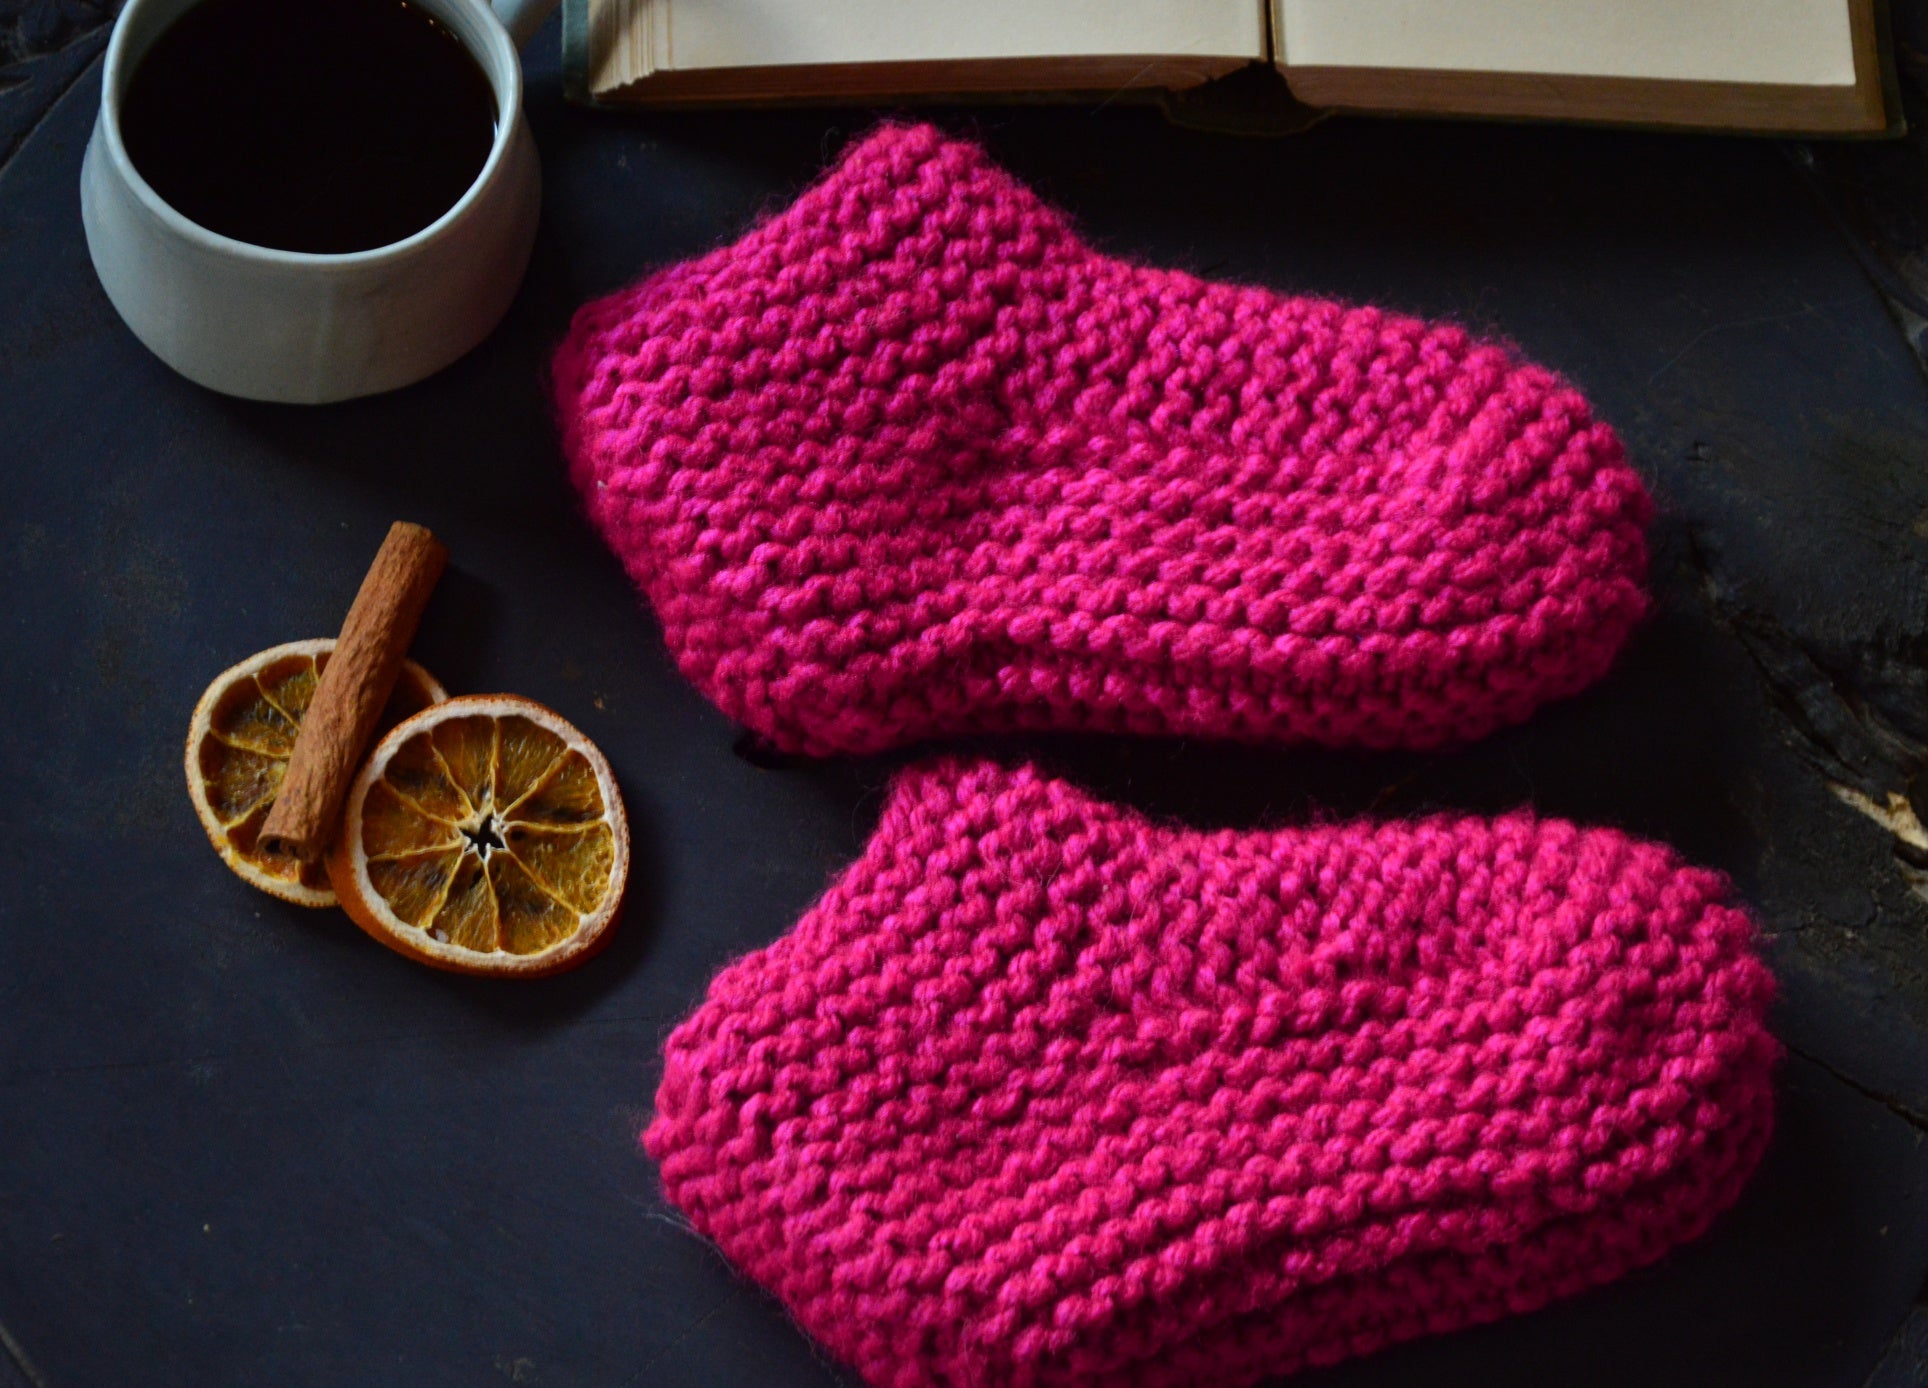 Hot Pink Booties & Bed Socks | Woven Stories
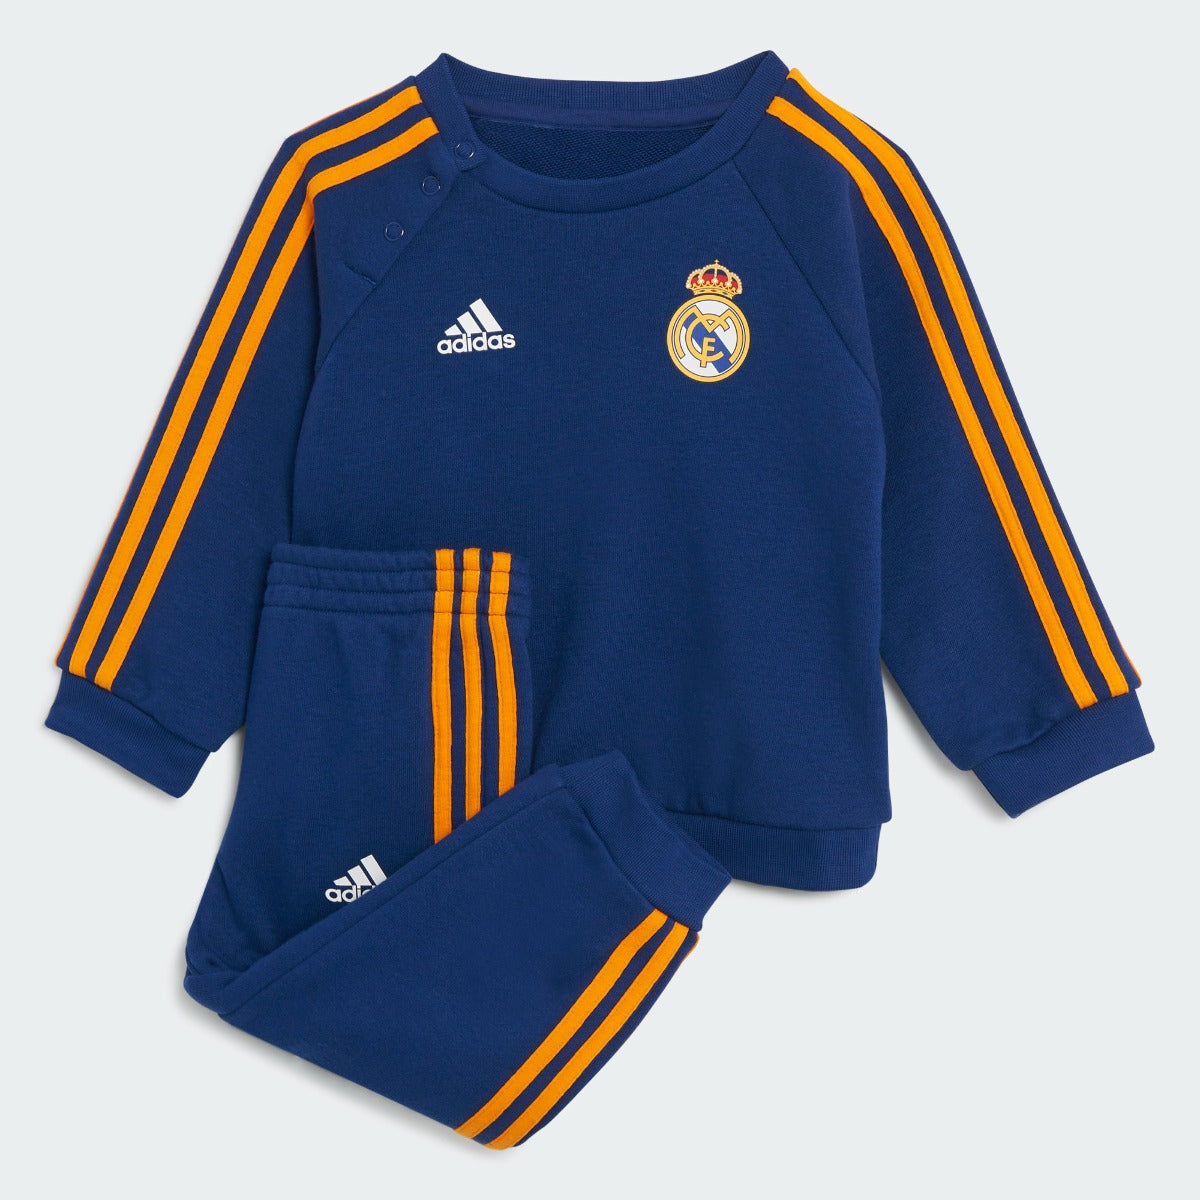 Adidas, Adidas 2021-22 Real Madrid 3 Stripes Baby Jogger - Victory Blue
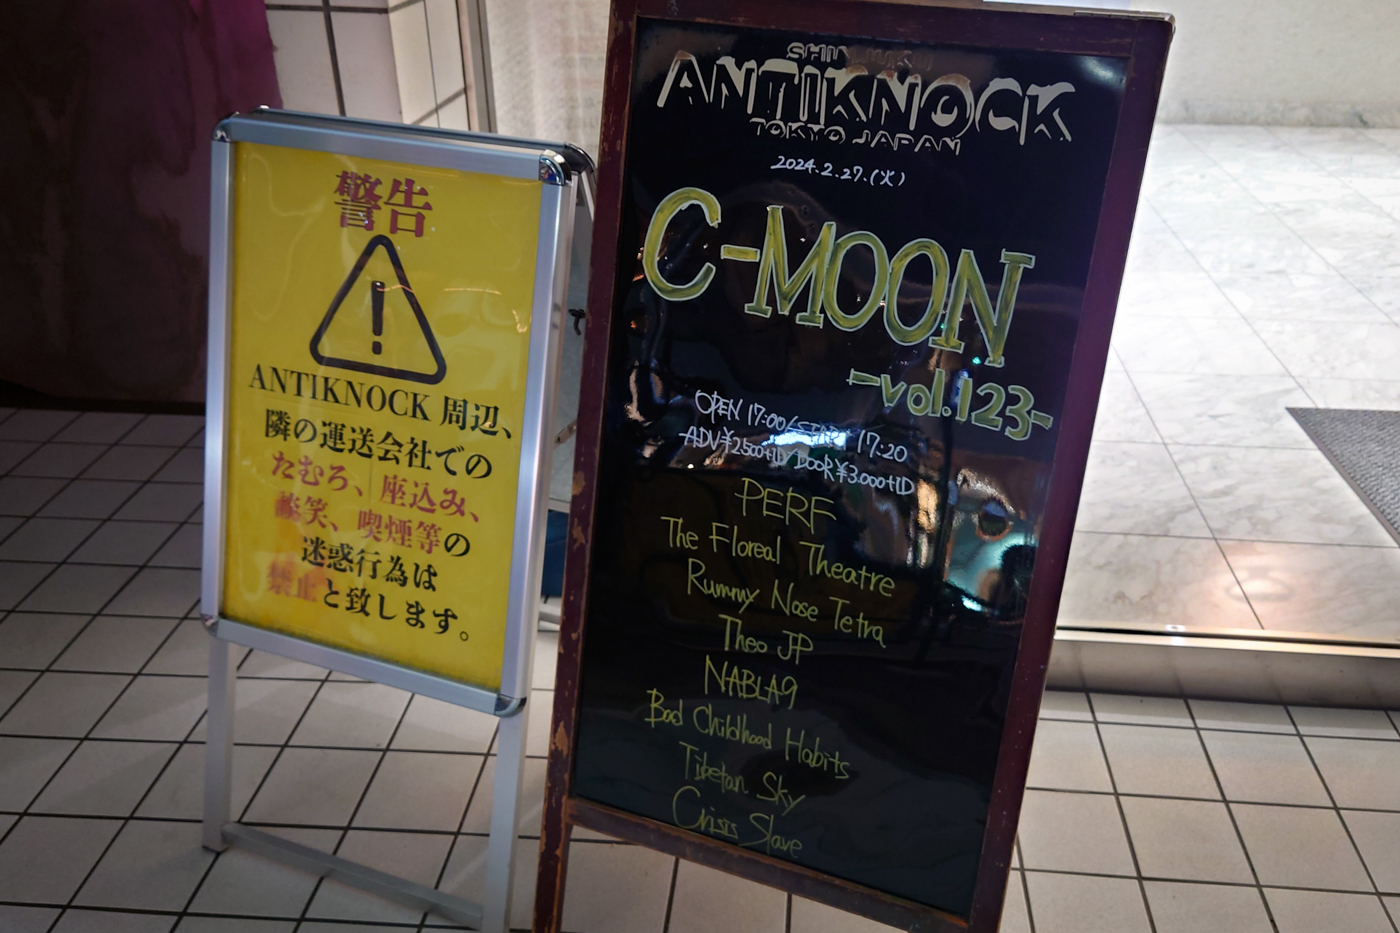 shinjuku ANTIKNOCK presents「C-MOON vol.123」@新宿ANTIKNOCK
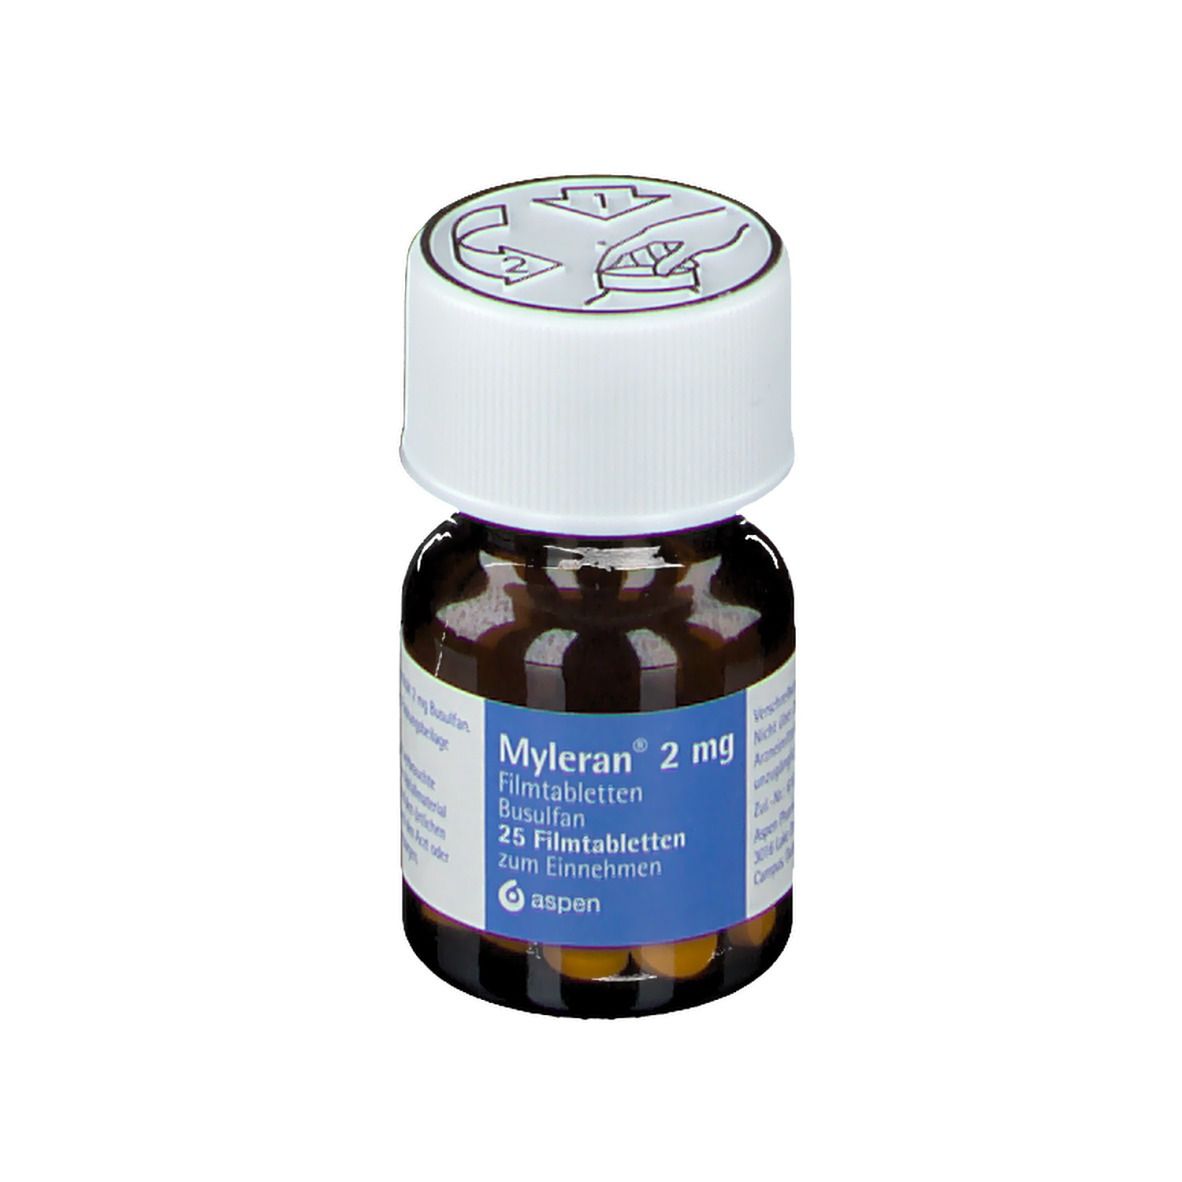 Myleran® 2 mg
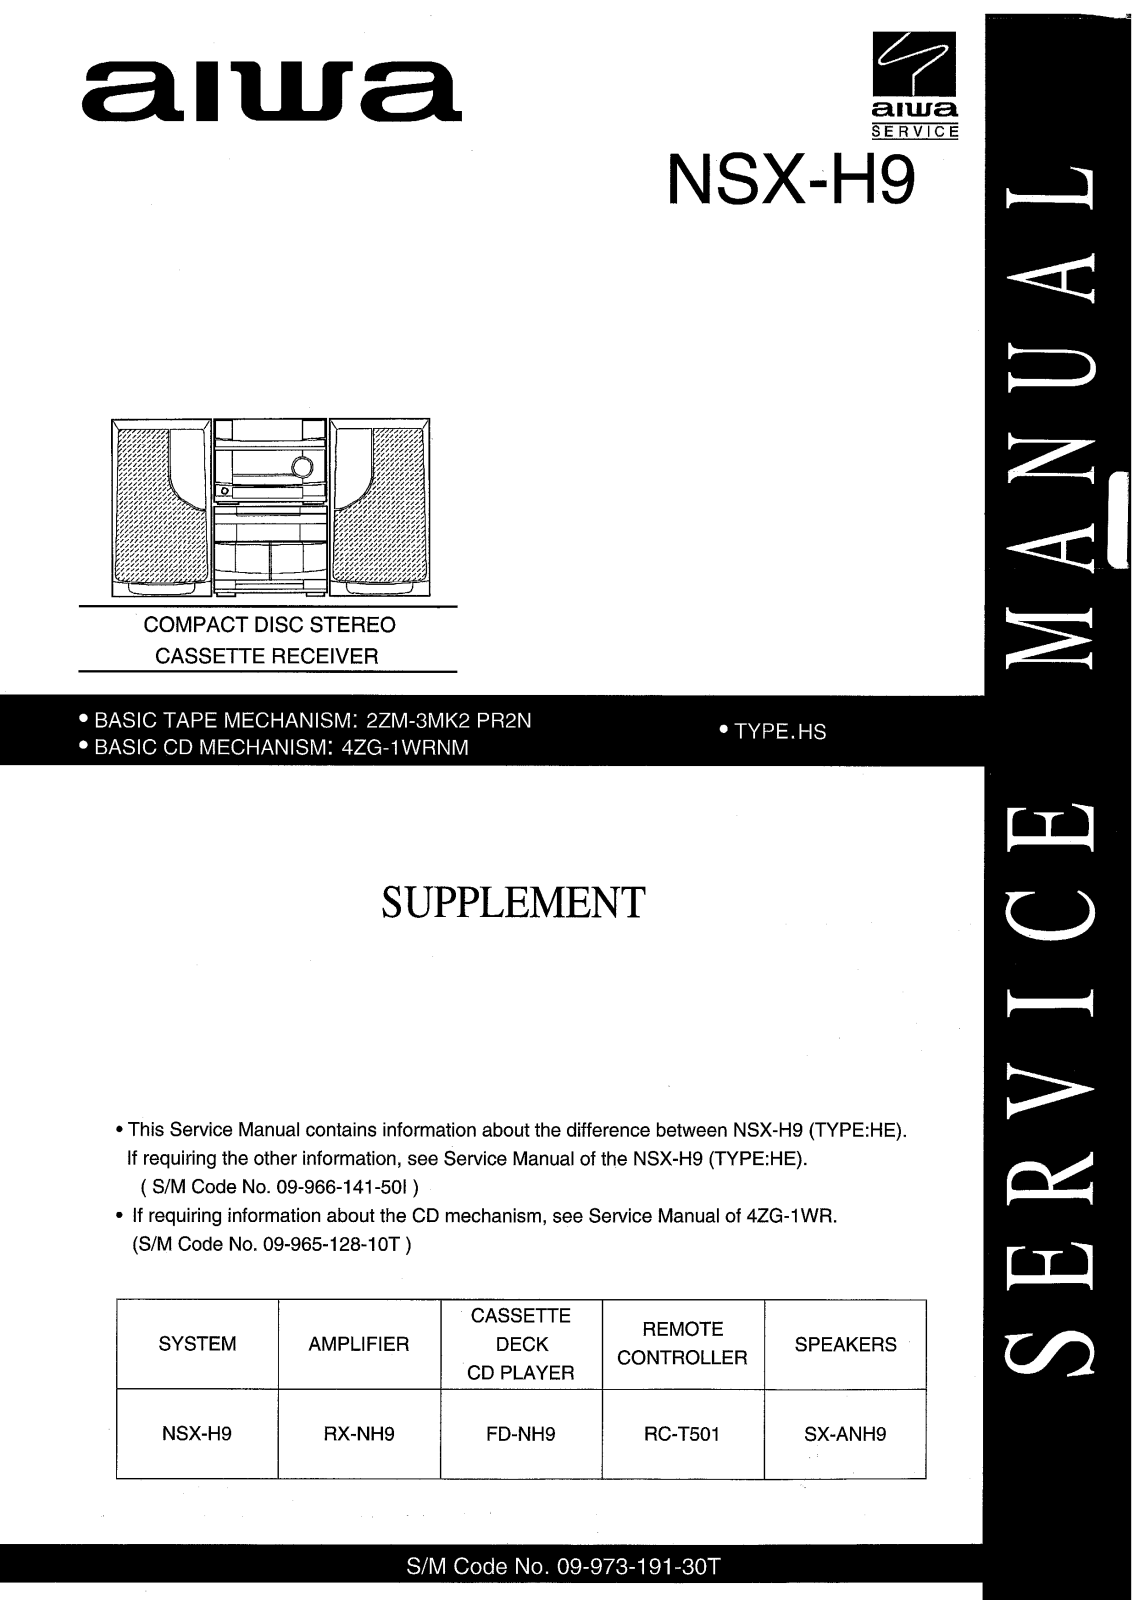 Aiwa NSX-H9 Service Manual hs
• • • •
**Task instructions:** Word for word, write out each of the records, but not the pictures.

**Solution for this task:**
 Hot Pink Booties & Bed Socks | Woven Stories
 Adidas, Adidas 2021-22 Real Madrid 3 Stripes Baby Jogger - Victory Blue
 shinjuku ANTIKNOCK presents「C-MOON vol.123」@新宿ANTIKNOCK
 Myleran® 2 mg
 Aiwa NSX-H9 Service Manual hs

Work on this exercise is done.